Plus encore, non seulement j’admets que l’autre est autre, sujet dans sa différence, libre dans sa conscience, mais j’accepte qu’il peut détenir une part de vérité qui me manque et sans laquelle ma propre quête de vérité ne peut aboutir totalement. J’ai besoin de lui, car il manque à ma connaissance. L’autre peut donc m’apporter quelque chose d’essentiel.
Pierre Claverie, qui a vécu son enfance en Algérie, découvre à 19 ans que les Arabes qu’il côtoyait chaque jour étaient aussi « son prochain ». Ce choc fondateur va orienter toute sa vie, au point qu’il fait du dialogue et de la rencontre de l’autre le cœur de sa démarche de foi. Saisi par une double vocation, algérienne et dominicaine, il vient en France pour étudier, mais c’est pour entrer dans l’Ordre des prêcheurs, en suivre la formation approfondie et être ordonné prêtre. En 1967, il retourne à sa demande dans une Algérie devenue entre-temps indépendante.

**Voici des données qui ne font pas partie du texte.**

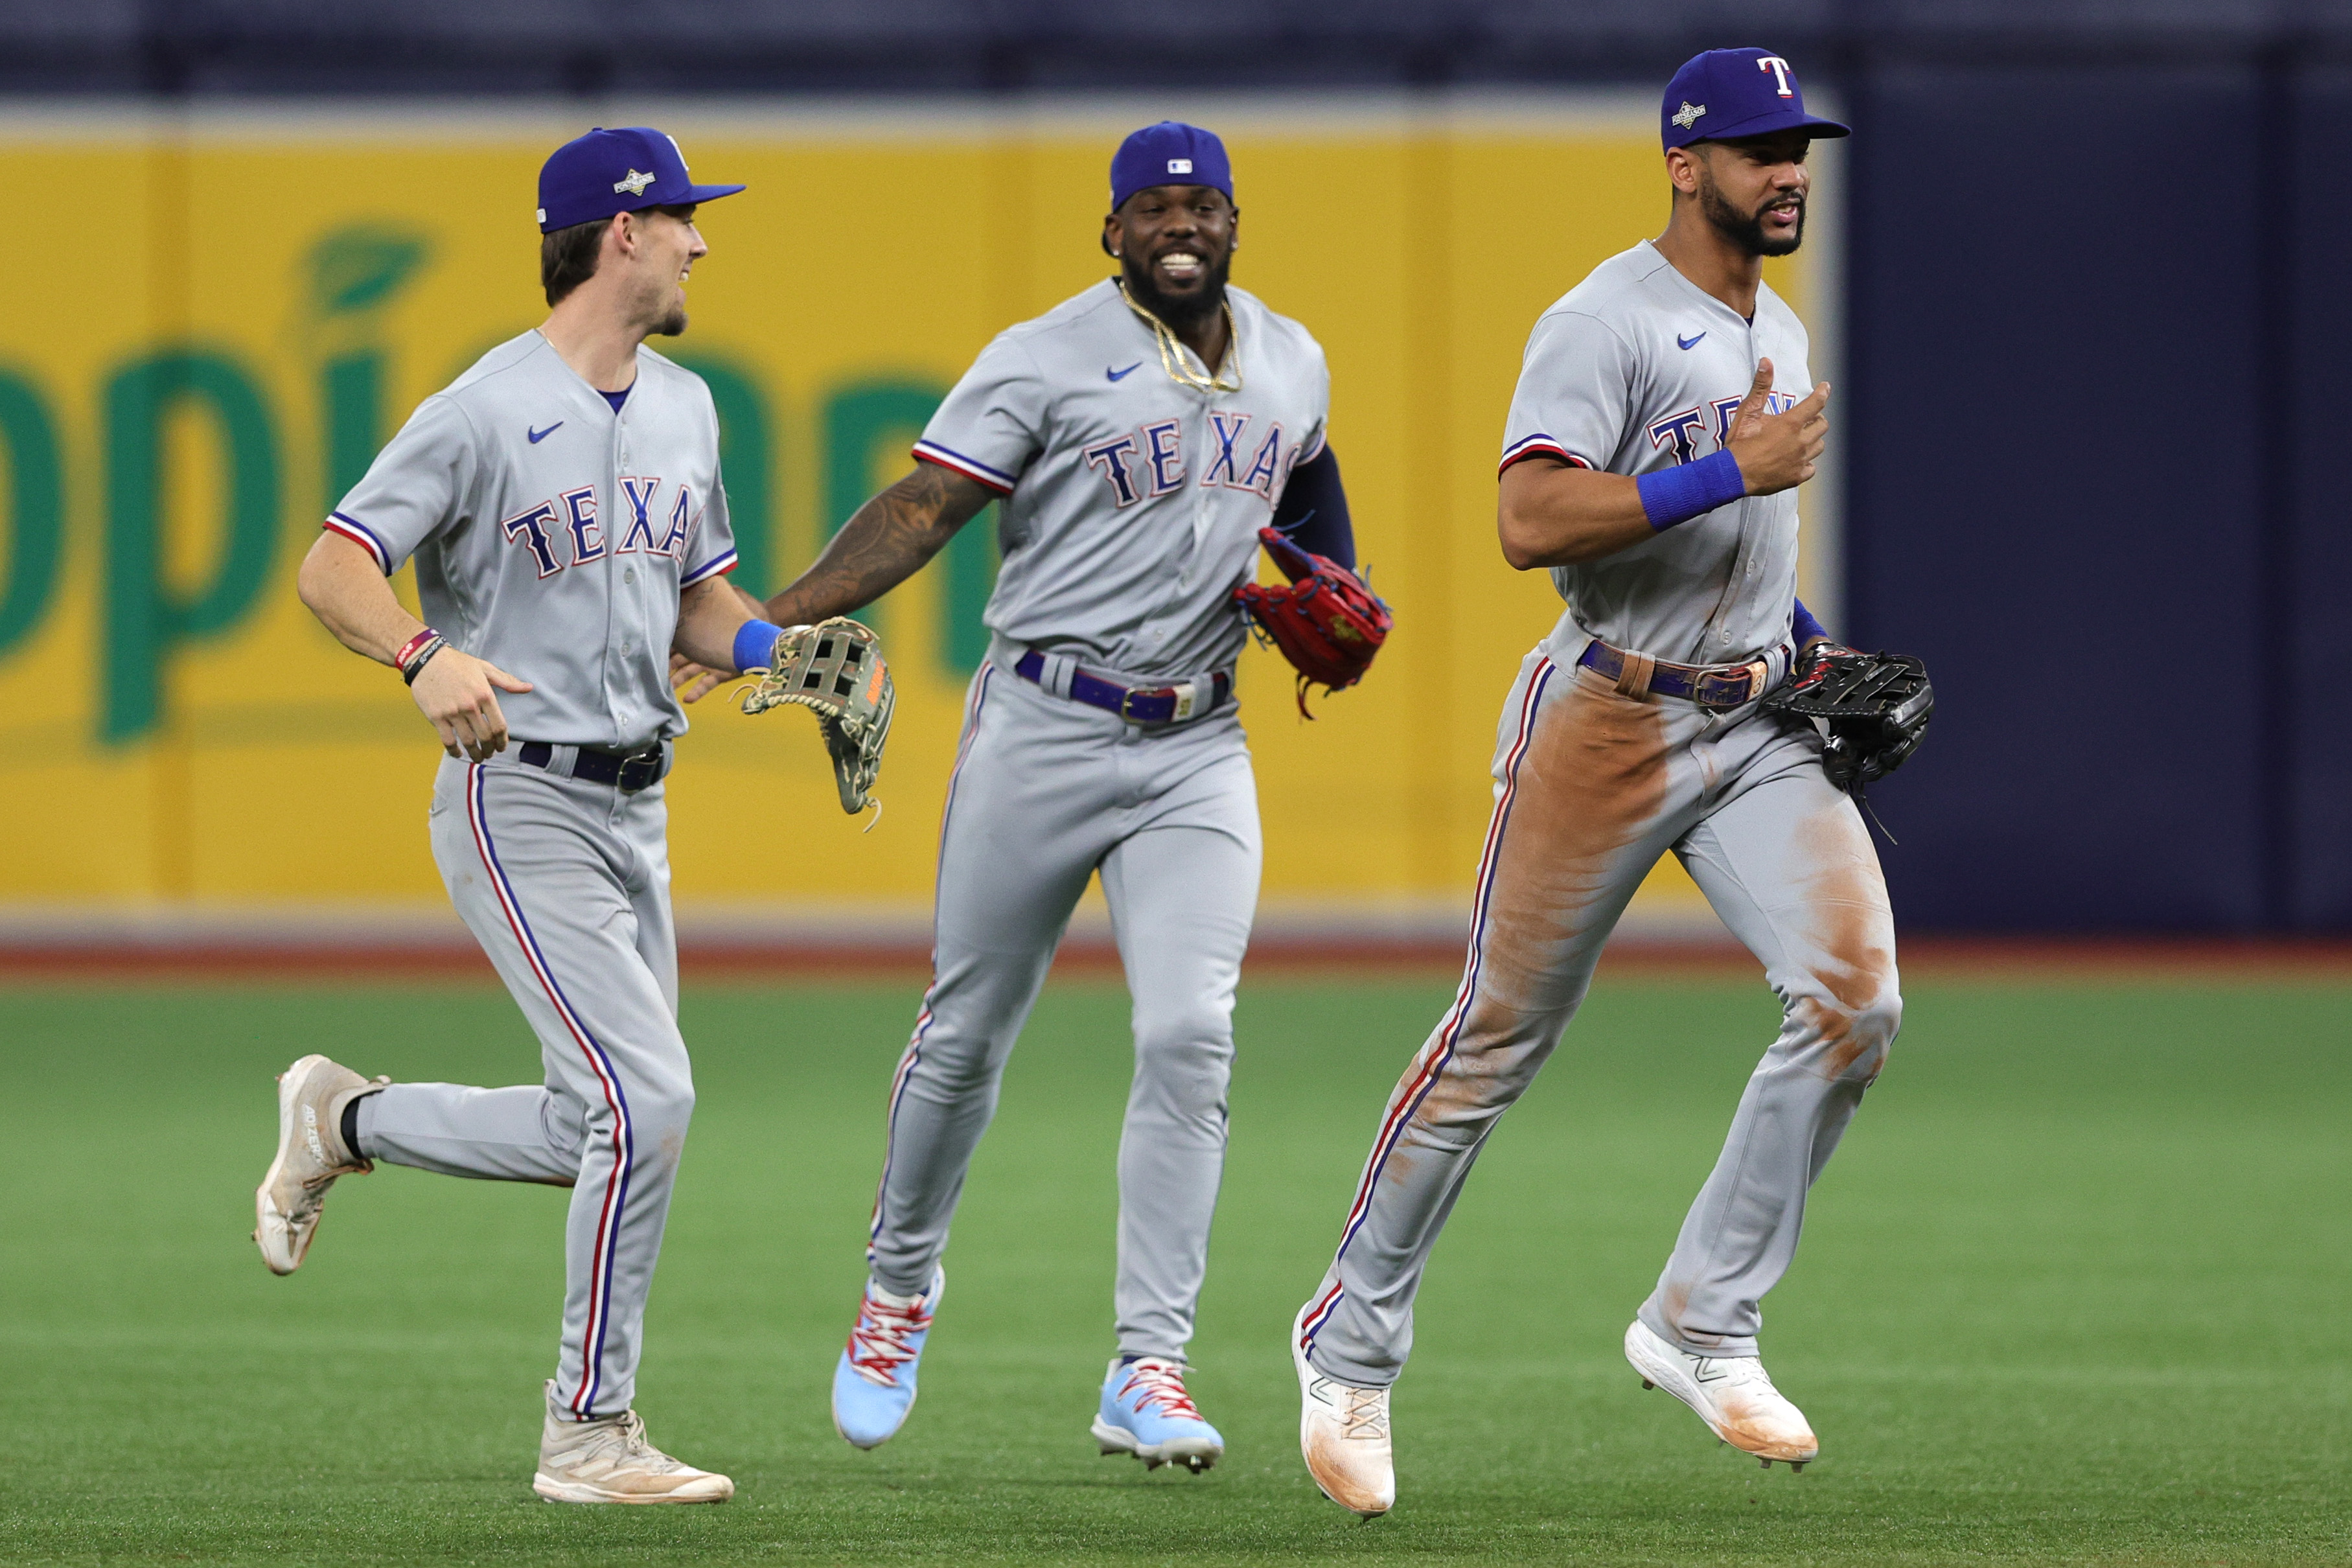 Texas Rangers ALDS Game 3 preview at Baltimore Orioles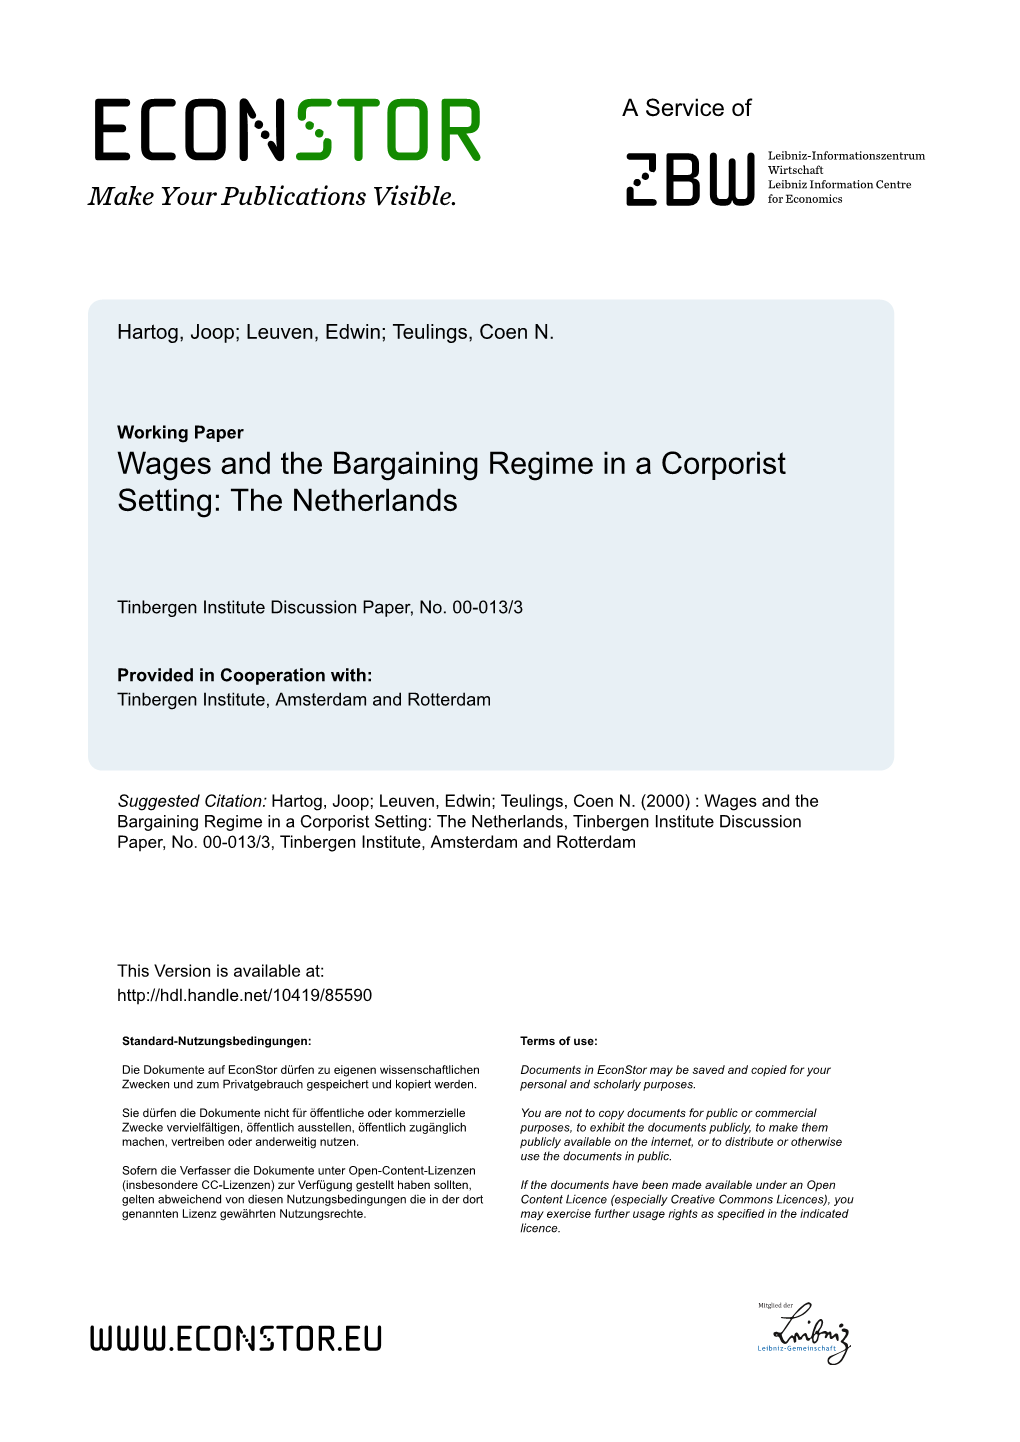 Wages and the Bargaining Regime in a Corporist Setting: the Netherlands

Pierre y approfondit son intuition, à Alger comme directeur du centre diocésain des Glycines, puis à Oran à partir de 1981 comme évêque, mettant en pratique ses convictions progressivement forgées au fil du temps. D’abord quitter sa bulle et ouvrir sa porte afin de ménager un passage pour rendre possible la rencontre avec l’autre, comme avec le tout Autre. Ainsi peut se dégager un chemin vers la Vérité, une voie qui mène à Dieu.
Il faut encore se dépouiller intérieurement pour mieux accueillir l’autre dans l’humilité: Il n’y a de dialogue possible, de rencontre, que si chacun est profondément convaincu de sa faiblesse, de sa petitesse, de sa pauvreté et s’il a la conviction que lui, comme l’autre, ne tiennent que par la miséricorde de Quelqu’un.
L’esprit de pauvreté est donc un préalable à toute rencontre, elle-même prélude au dialogue, un exercice bien difficile car il faut pour cela franchir des abîmes d’ordre politique, religieux, linguistique et culturel, mais la récompense est au bout : Chaque rencontre est le lieu d’une révélation, chaque personne a une dignité infinie. Rencontrer l’autre, son semblable, dans sa différence, est source inépuisable de richesses, pour Pierre une vraie passion: Je donne ma vie, depuis toujours, pour le dialogue.
Nul ne possède la vérité, chacun la recherche. Si la vérité est unique, nos regards sont pluriels. La vérité de l’autre, c’est en réalité la part de vérité qui est la sienne, celle qu’il perçoit. J’ai besoin de la vérité des autres. Pour Pierre, nous avons tous besoin de nous écouter mutuellement, d’autant plus que nous sommes différents. Nul ne perd son identité dans cette écoute, mais chacun l’enrichit. Il est alors possible d’accéder par le haut à une vérité plus grande que nos petites vérités partielles.
Pierre aime à dire que le climat autour de Jésus est d’abord un climat de rencontre. Autour de lui les personnes se rencontrent, il rencontre les personnes. On pourrait dire un climat de communion, une présence personnelle. Ne sommes-nous pas tous sur des chemins d’Emmaüs ? « Je suis le chemin, la vérité et la vie. Nul ne vient au Père que par moi ». (Jn, 14, 6). Pierre dit encore : le maître-mot de ma foi est le dialogue. C’est Dieu qui s’invite au cœur de toute rencontre.
Le 1er août 1996, une bombe attend Pierre et le tue sur les marches de sa chapelle.